11-го апрѣля, по случаю Свѣтлаго Христова Воскресенія, я отправился христосоваться къ начальству, при этомъ, разговорившись наединѣ съ бар. Сакеномъ, сообщилъ ему, что много [49]толкуютъ о какомъ-то покушеніи непріятеля сдѣлать высадку, но что я положительно удостовѣряю, какъ очевидецъ (ни Сакена, ни Анненкова не было на Пересыпи), что этого не было. Не смотря на это, донесеніе было отправлено въ тотъ же день къ государю, съ вышеприведеннымъ украшеніемъ мнимой высадки.

Впослѣдствіи, когда я поздравилъ бар. Сакена, по случаю полученія имъ ордена св. Андрея за отличное отраженіе непріятеля, онъ мнѣ говорилъ, вѣроятно, вспоминая то, что ему говорилъ послѣ христосованія, „что ему досадно и больно, что въ донесеніи къ государю было упомянуто о небываломъ намѣреніи непріятеля сдѣлать высадку“.

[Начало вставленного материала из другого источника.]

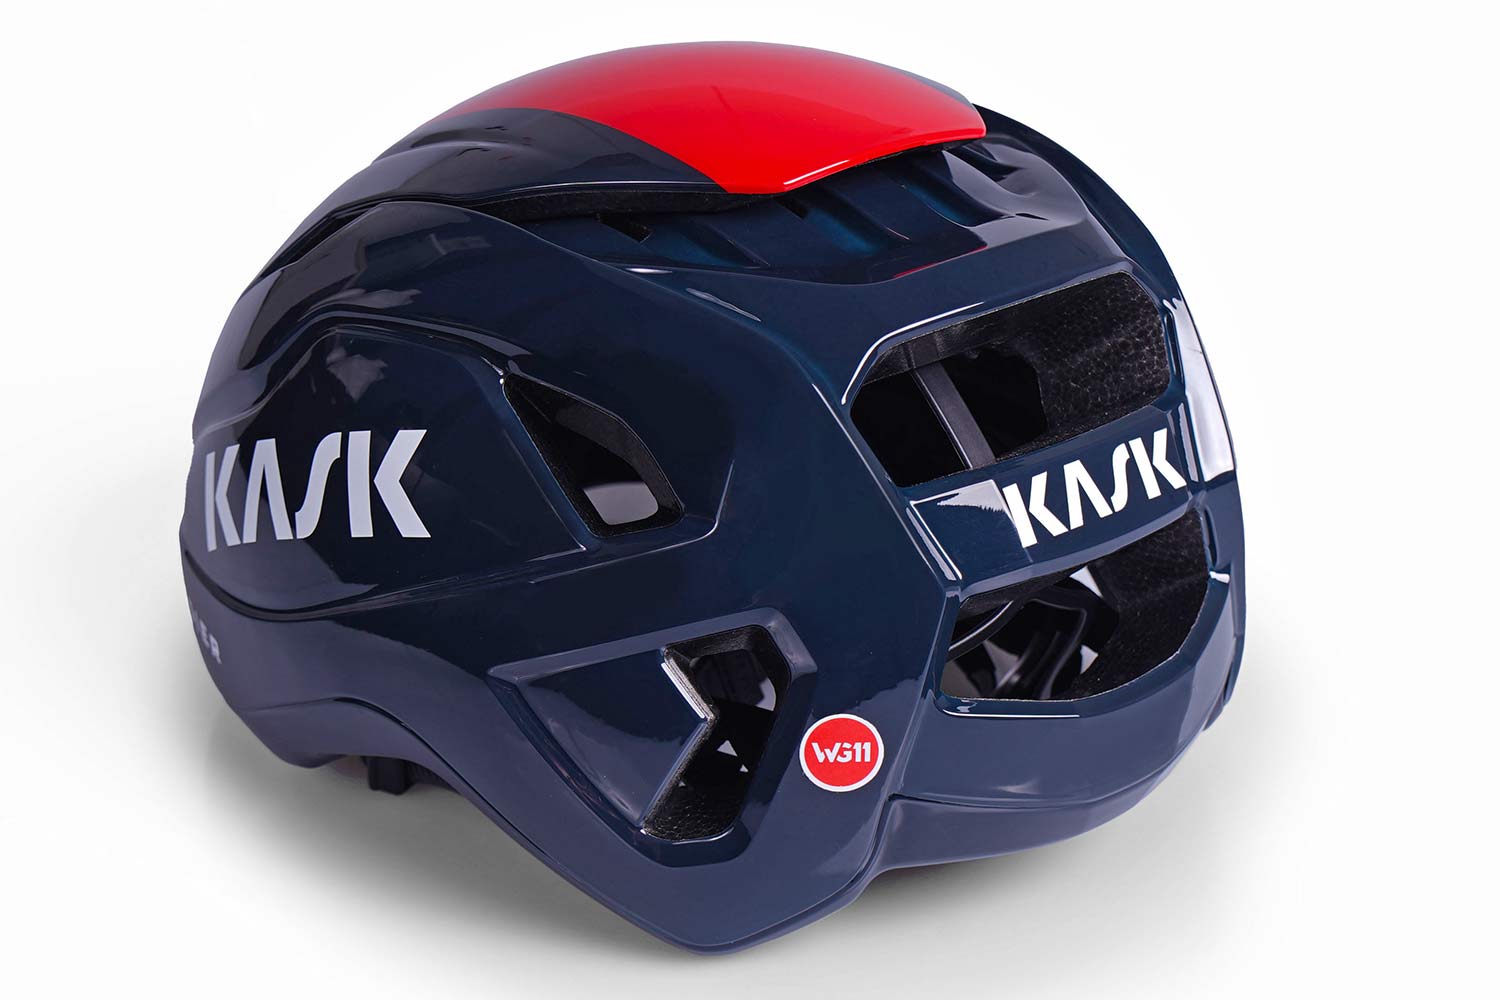 Kask-Wasabi-aero-road-helmet_adjustable-venting-aerodynamics-merino-padding_rear-vents..jpg
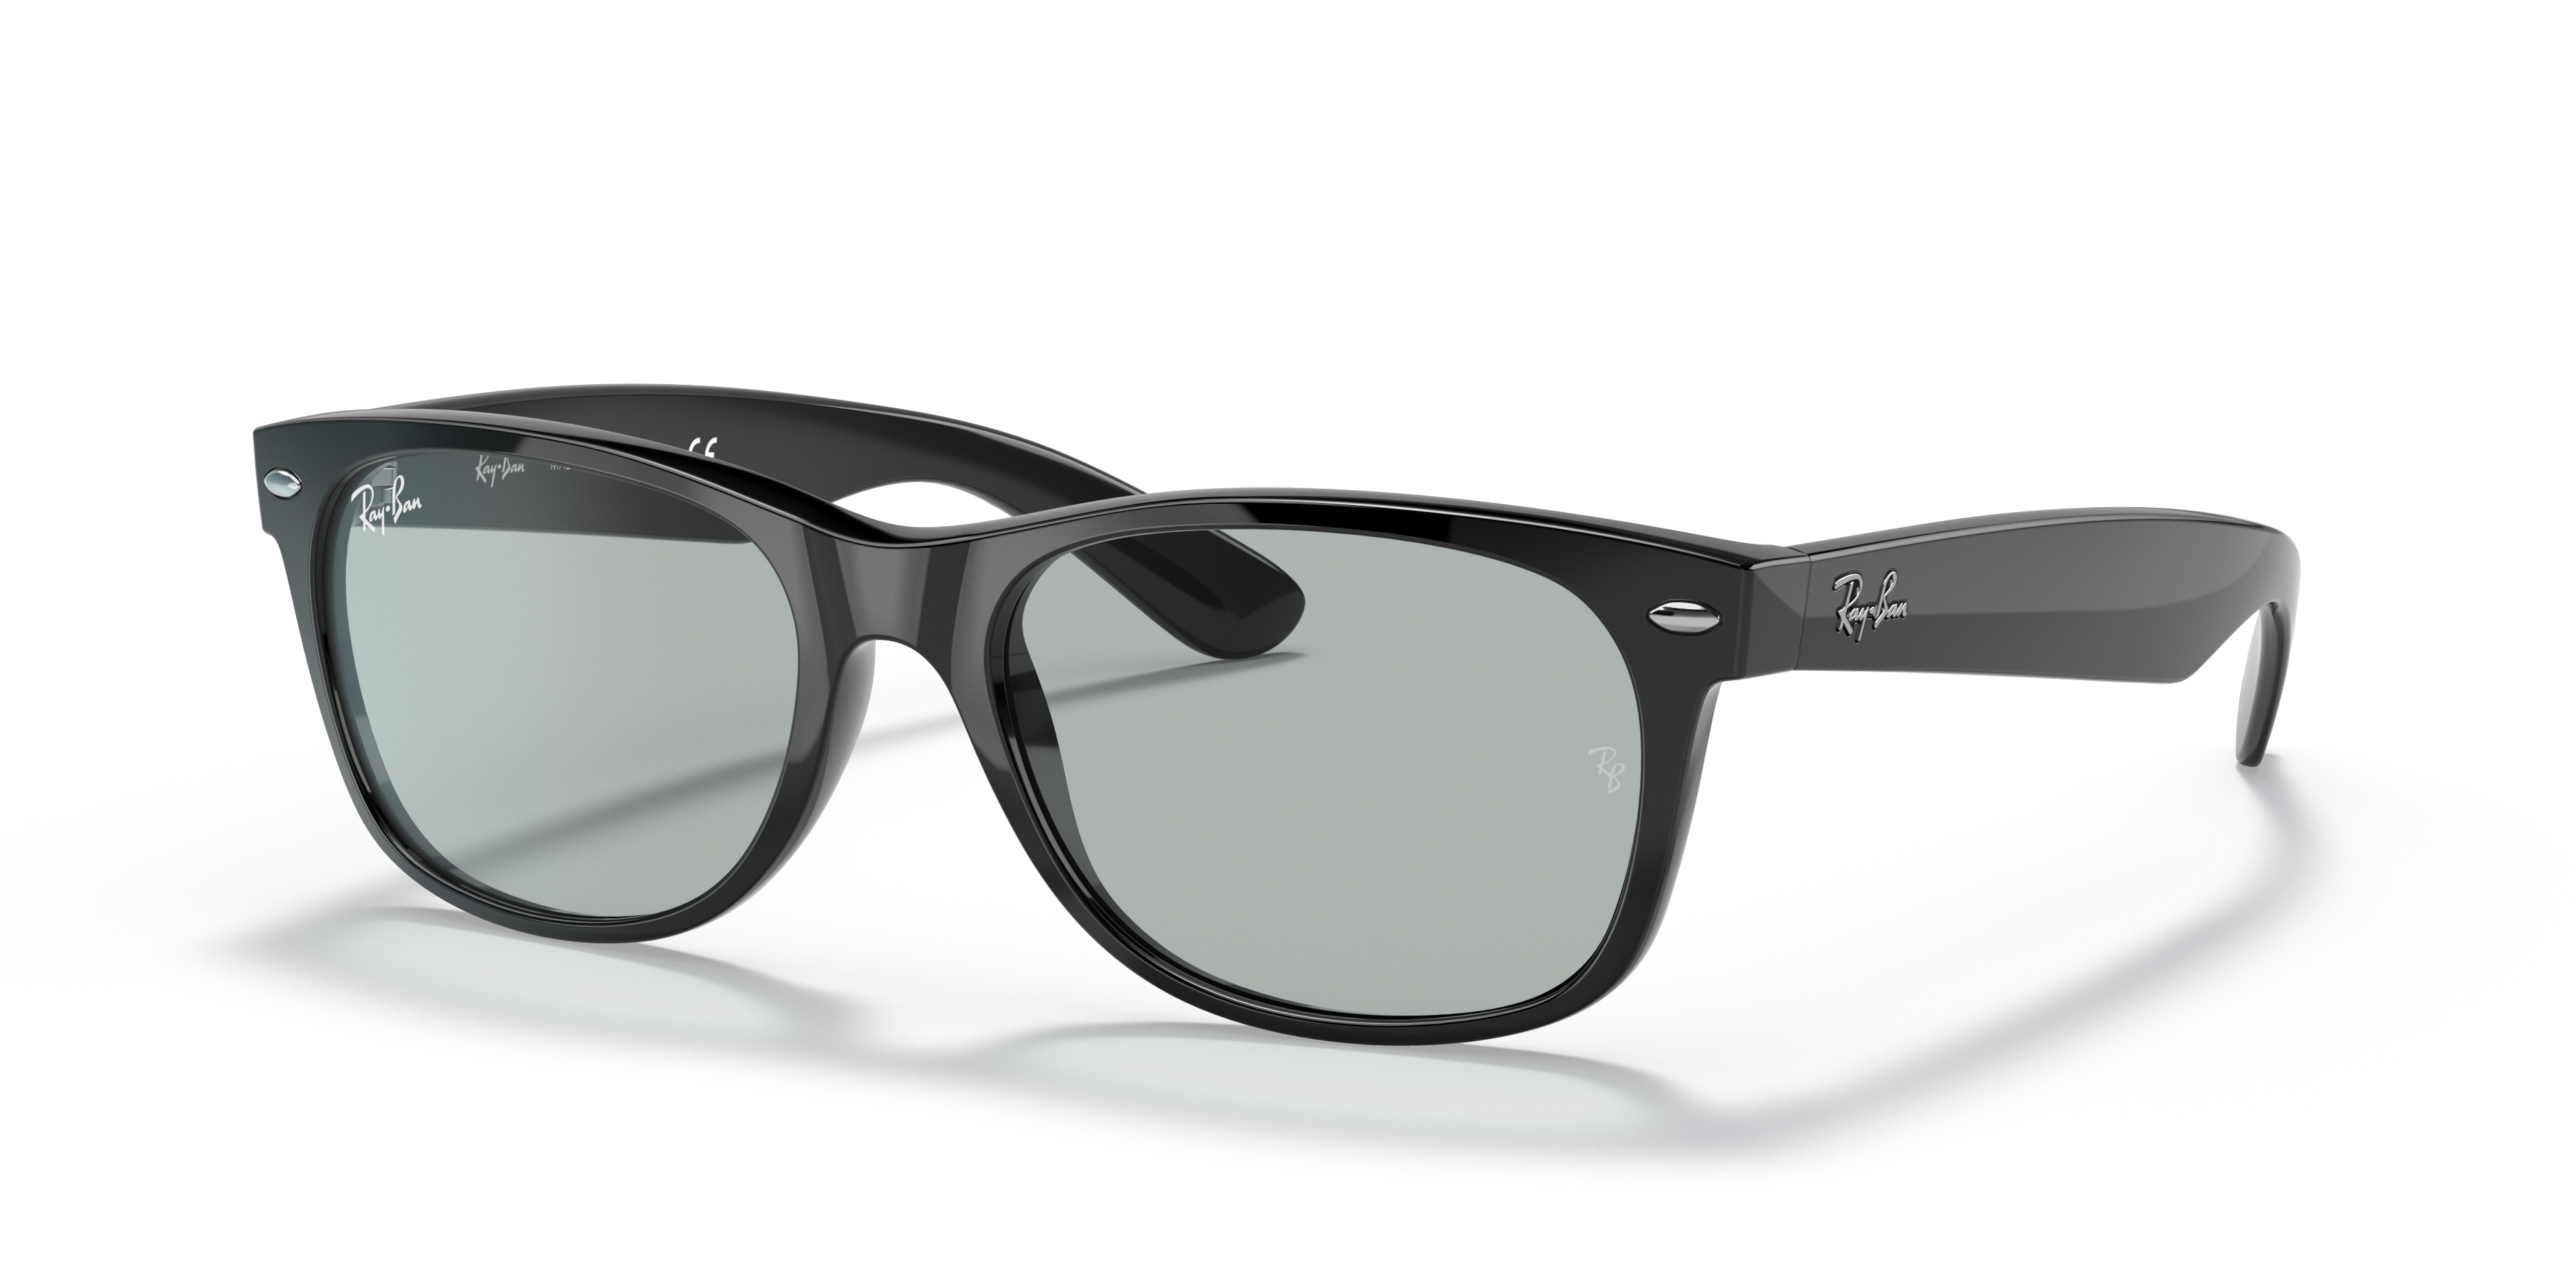 NEW WAYFARER WASHED LENSES Sunglasses in Black and Light Grey

Въ день 10-го апрѣля 1854 г., въ Одессѣ, среди города, можно было умереть голодною смертью тому, кто не довольствовался изъ котла въ какой нибудь ротѣ или не имѣлъ своего хозяйства; гостинницы и лавки были закрыты, единственная баба, продававшая крашеныя яйца, была убита бомбою, вмѣстѣ съ мужикомъ, торговавшимъ у ней яйца. Жители также, безъ исключенія, выѣхали за городъ, но, къ моему счастью, оставалось въ городѣ хлѣбосольное семейство А. М. Абаза. Въ 7-мъ часу, когда уже давно не было слышно ни одного выстрѣла, я отправился къ нимъ и засталъ у нихъ много военныхъ, давно предупредившихъ меня, и оказалось, что въ цѣломъ домѣ не осталось ничего съѣстнаго, кромѣ хлѣба и соленыхъ огурцовъ, но за то шампанскаго сколько угодно. Три дня спустя, 14-го числа, непріятельская эскадра снялась съ якоря и ушла по направленію частью въ Константинополь, частью въ Севастополь, а я немедленно отправился въ Бендеры наблюдать попрежнему за ходомъ работъ.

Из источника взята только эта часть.